**** Data to use
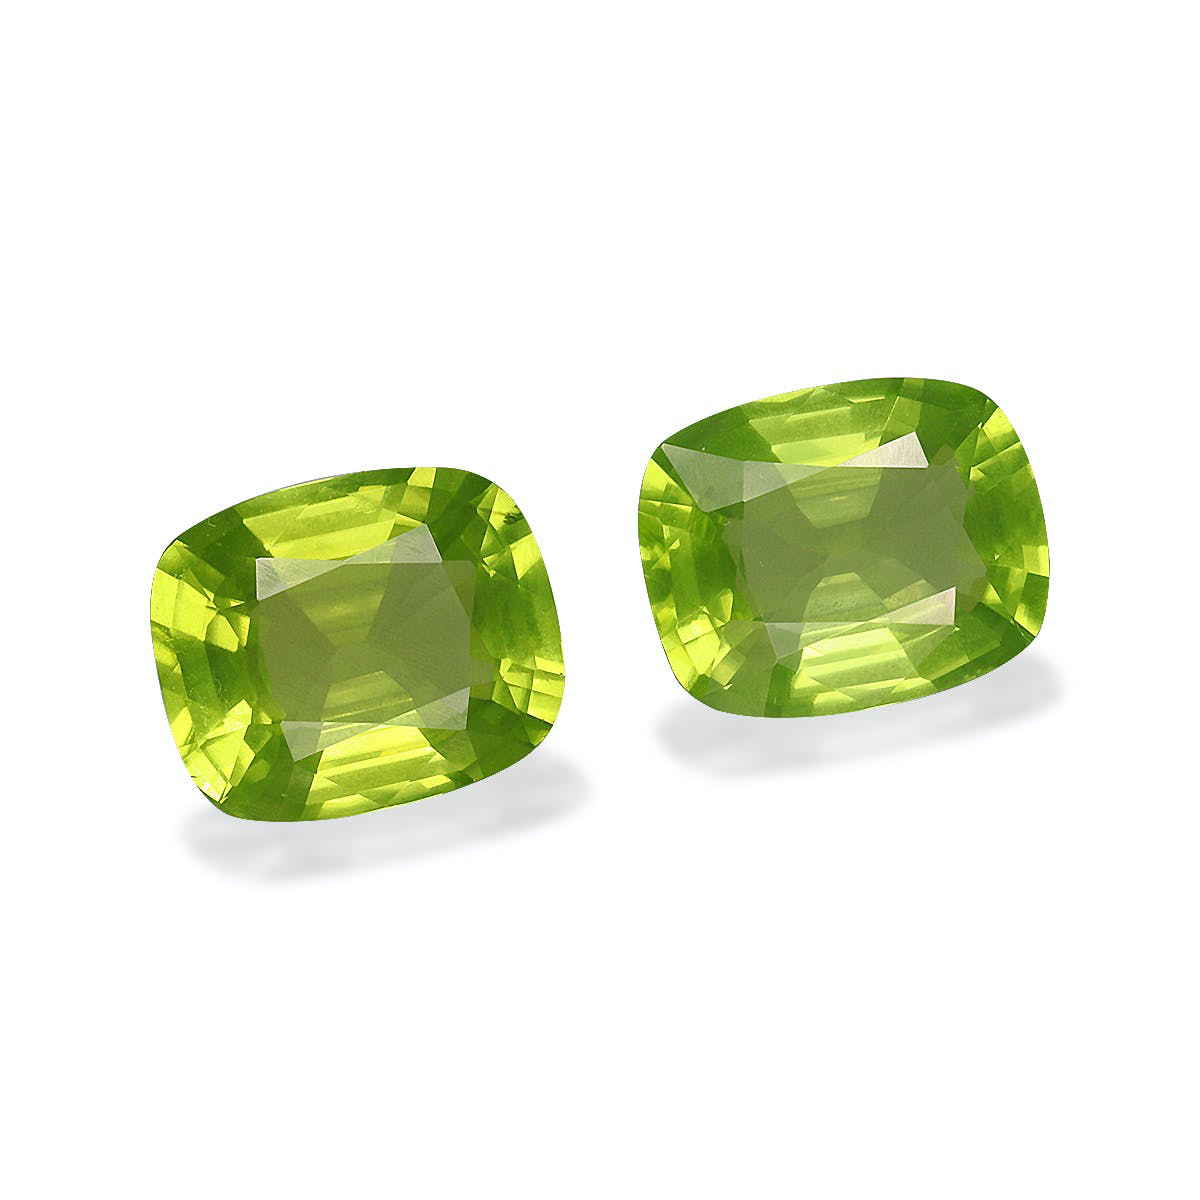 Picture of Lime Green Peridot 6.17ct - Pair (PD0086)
********
**** Data to use
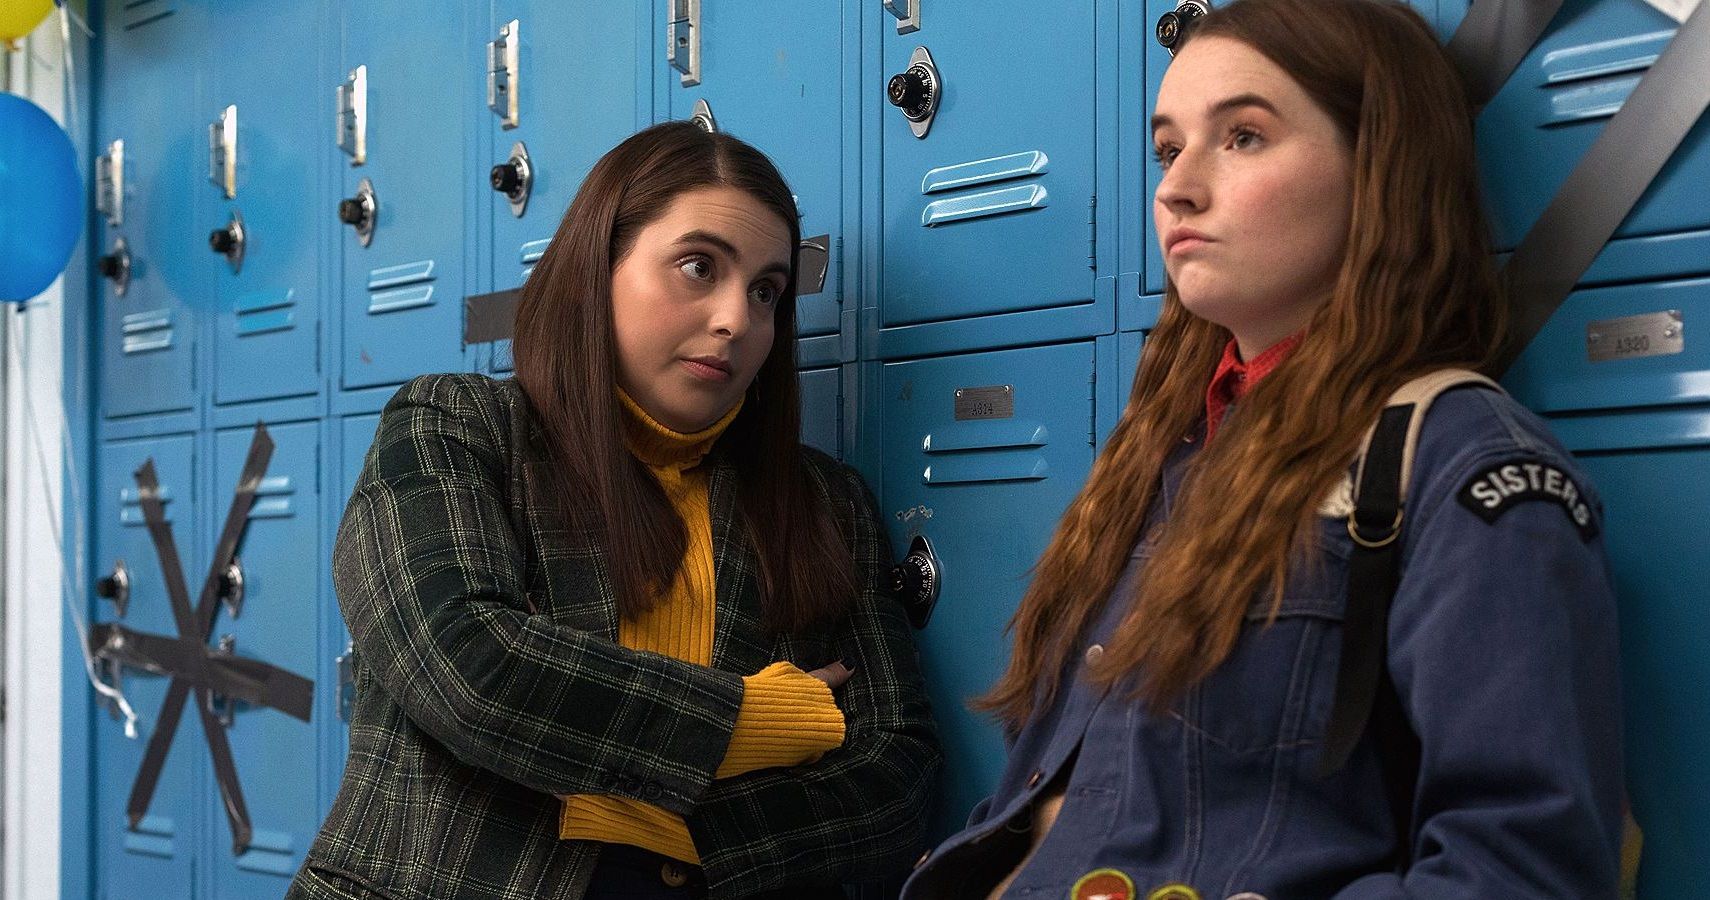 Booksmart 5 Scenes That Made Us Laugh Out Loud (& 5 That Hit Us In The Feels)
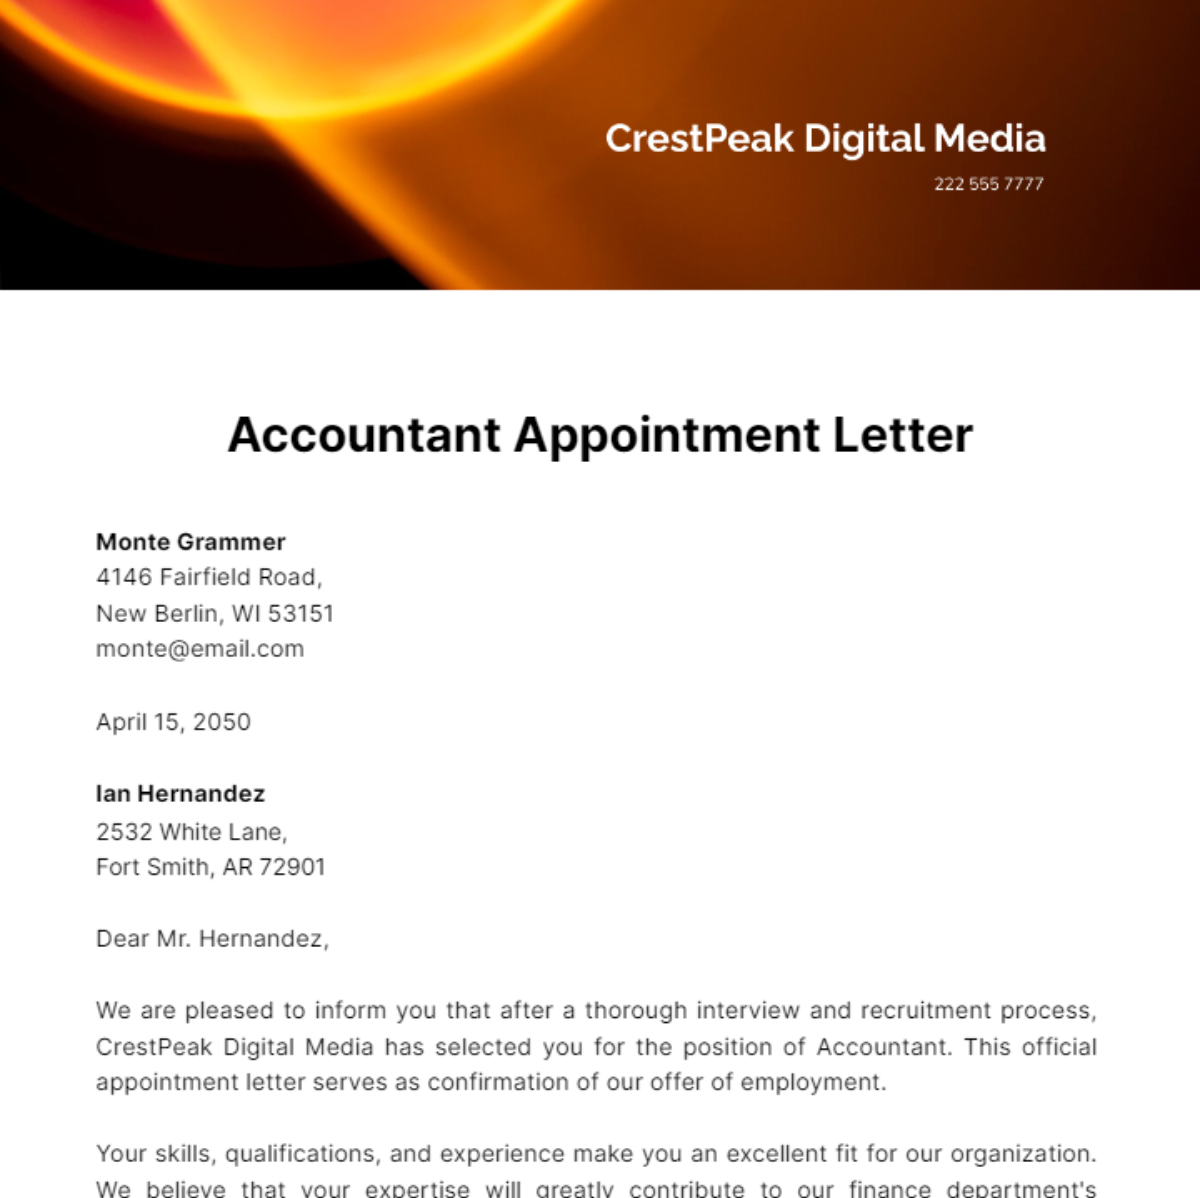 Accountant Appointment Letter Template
********
● **Task prompt**
Go to the line above that has "Booksmart 5 Scenes" and copy exactly from there down to the line that has "Accountant Appointment Letter Template", both included. Leave the pictures out.

● **Answer to this task**
 Booksmart 5 Scenes That Made Us Laugh Out Loud (& 5 That Hit Us In The Feels)
 Accountant Appointment Letter Template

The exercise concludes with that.